With great fanfare, the Biden Administration recently announced new regulations aimed at increasing staffing at nursing homes and boosting pay for some home care workers. The laudable intention: To improve care for frail older adults and younger people with disabilities. But don’t expect changes anytime soon. It will be years before either of these rules are fully implemented.
The new nursing home rule requires facilities to have sufficient staff to provide an average of least 3.48 hours of daily care for each resident. Separately, home care agencies will have to dedicate 80 percent of their Medicaid payments to staff compensation.
The Fine Print
The fine print in the nursing home rule appears to acknowledge the nationwide staffing shortage that affects not only nursing homes, but hospitals, home care and home health agencies, assisted living facilities, and physician offices.
The regulations approved by the Centers on Medicare and Medicaid Services (CMS) require nursing homes to have sufficient nurses and aides to provide a combined minimum of 3.48 hours of daily care per resident. At least 0.55 hours must be provided by an Registered Nurse and 2.45 hours by an aide. The remaining 0.48 hours of care come from any mix of RNs, licensed practical nurses, licensed vocational nurses, or aides. In addition, nursing homes must have an RN on site 24/7.
The research organization KFF estimates that only about one-in-five nursing facilities could fully meet the new standards. As a result, CMS is phasing in the new rules over several years.
To start, facilities will have three months to complete a staffing assessment that takes into account the interests of employees and residents.
Then, facilities generally will have two years to meet the new combined 3.48 hour standard for nurses and aides. Registered nurses will have to be on site 24/7 within that two-year window. Rural facilities that face especially difficult staffing challenges get three years to achieve those goals.
Facilities generally will be given one more year, until 2027, before they must meet the specific, separate, staff goals for RNs and nursing assistants. Rural facilities will get an additional two years, for a total of five years, before they must meet all standards. That would be in May, 2029.
In addition, facilities may apply for waivers from the 24/7 RN rule or request temporary exemptions if they are unable to comply with other new requirements because of a shortage of available care workers in their communities.
In effect, even the initial staffing requirements will not begin to kick in until after Biden’s first term ends. Donald Trump has not said whether he’d repeal the rules if he is elected in November, but it would not be surprising.
Solutions To Shortages
Some solutions to staffing shortages, such as raising wages and improving working conditions, are in the hands of facility operators themselves. Some can afford wage and benefit hikes while others can’t.
But other constraints, such as strict immigration laws, shortages of nursing teachers, and a growing reluctance of workers to take on increasingly dangerous direct care work, are largely out of the control of facilities.

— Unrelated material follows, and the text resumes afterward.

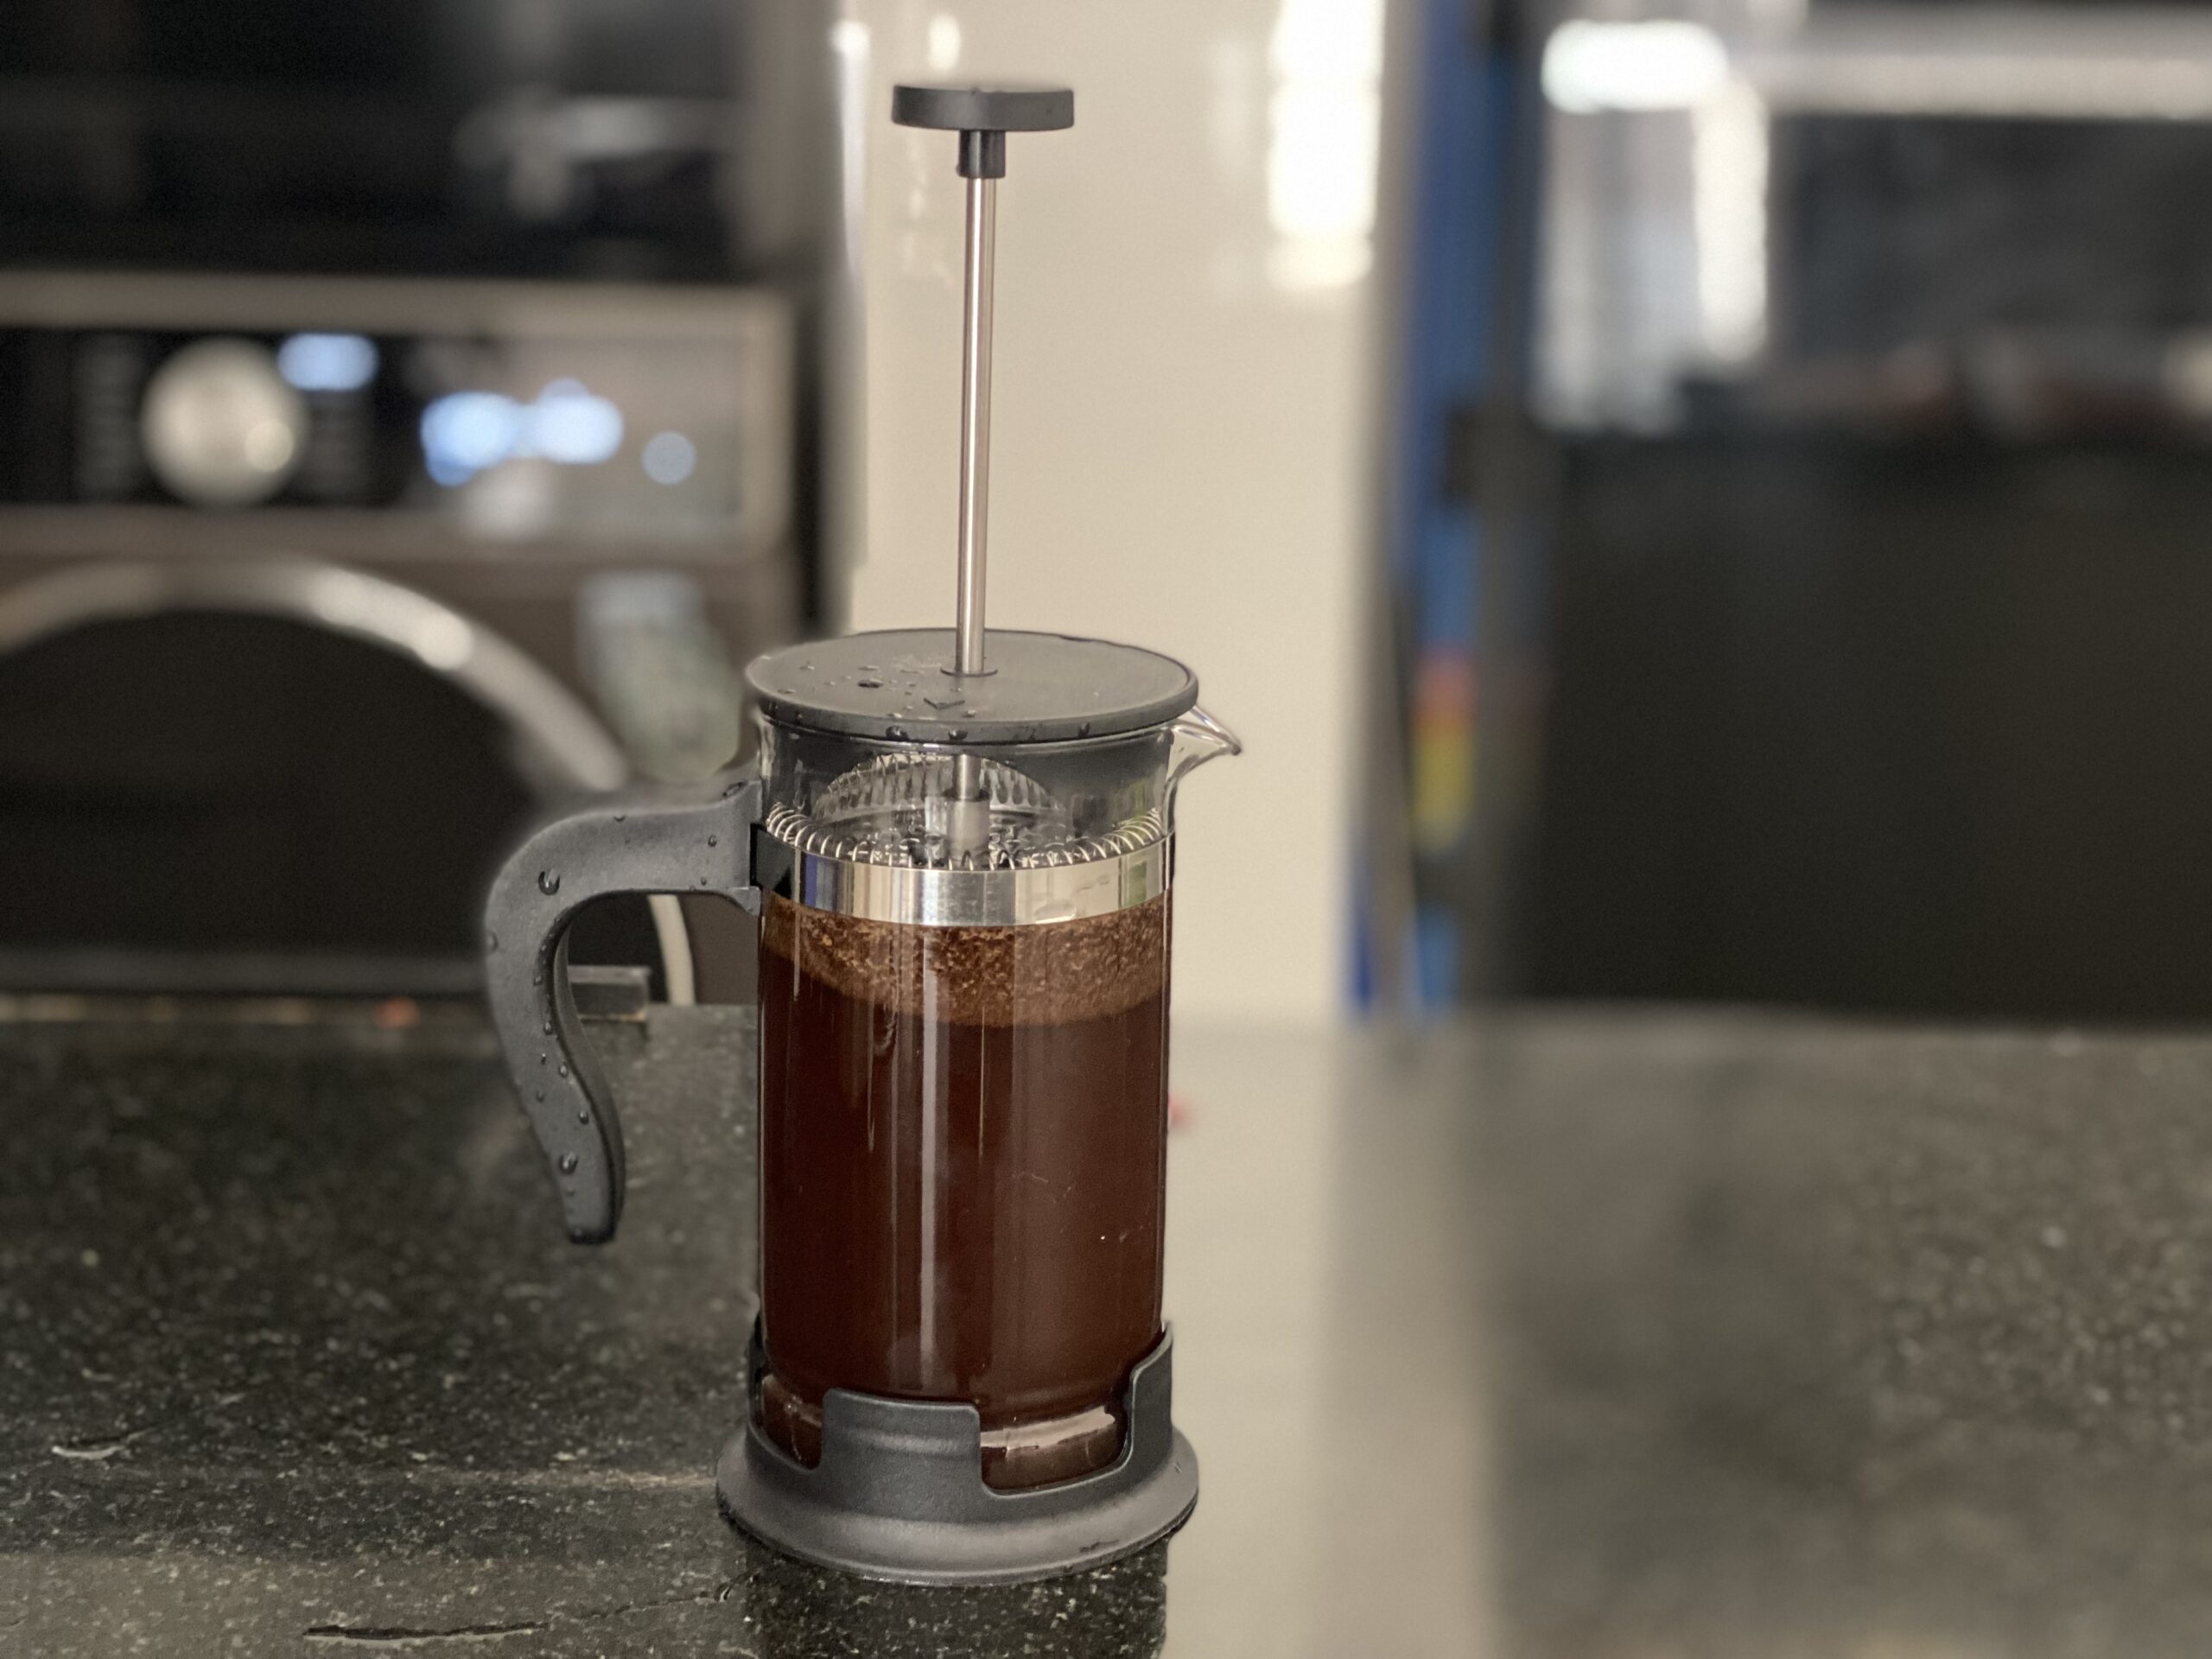 Put a lid on coffee press
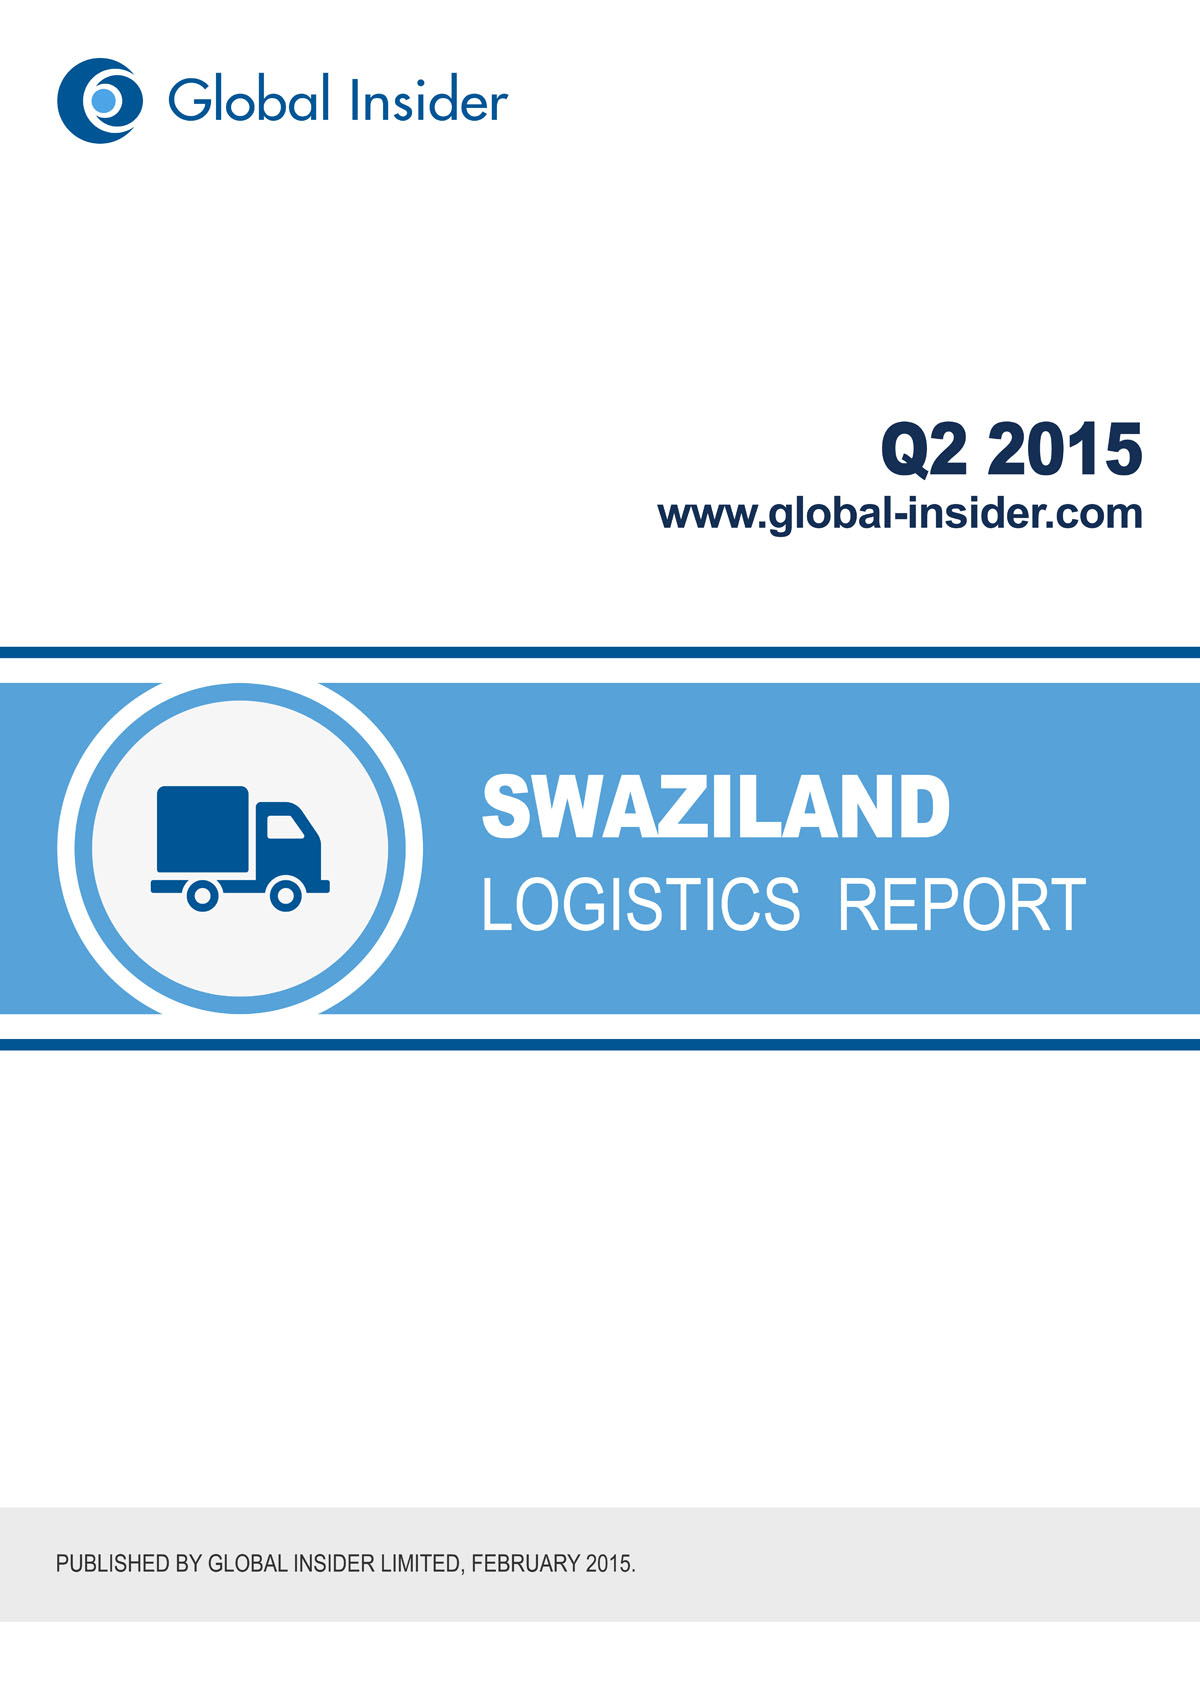 Swaziland Logistics Report

The Administration is taking several steps to help nursing facilities recruit staff. Last September, it committed $75 million to encourage nurses to work in nursing facilities. One program will offer tuition reimbursement to nurses who agree to work in a qualifying nursing home or state inspection agency. It also will encourage states to provide financial incentives for people to become nurses.
CMS also said it would make it easier for aides to enroll in training programs and get nursing home jobs. It also promised a marketing campaign to encourage people to train as nurses or care workers, and to seek nursing home jobs.
The Home Care Staff Runway
In a separate rule, CMS said it would give states six years to comply with a new requirement that Medicaid home care agencies designate 80 percent of their Medicaid payments to staff compensation. That would delay compliance until 2030. The rule also gives states, which set their own payments and generally enforce Medicaid rules, additional authority to grant waivers and set separate rules for small home care firms.
While states must provide long-term care in nursing homes through Medicaid, they also receive waivers from the federal government to provide supports and services for those living at home. The new rule applies to firms that provide home care for those Medicaid recipients.
Many states have long waiting lists for Medicaid home-based care but it is hard to compare them because reporting is so inconsistent. The new payment rules require states to disclose those waiting lists, as well as wait times for delivery of physician and personal care services.
Biden’s new staffing rules are ambitious but it will be many years before we know if they are successful.
Full disclosure: I serve as an unpaid board member of a non-profit senior living organization that operates nursing facilities.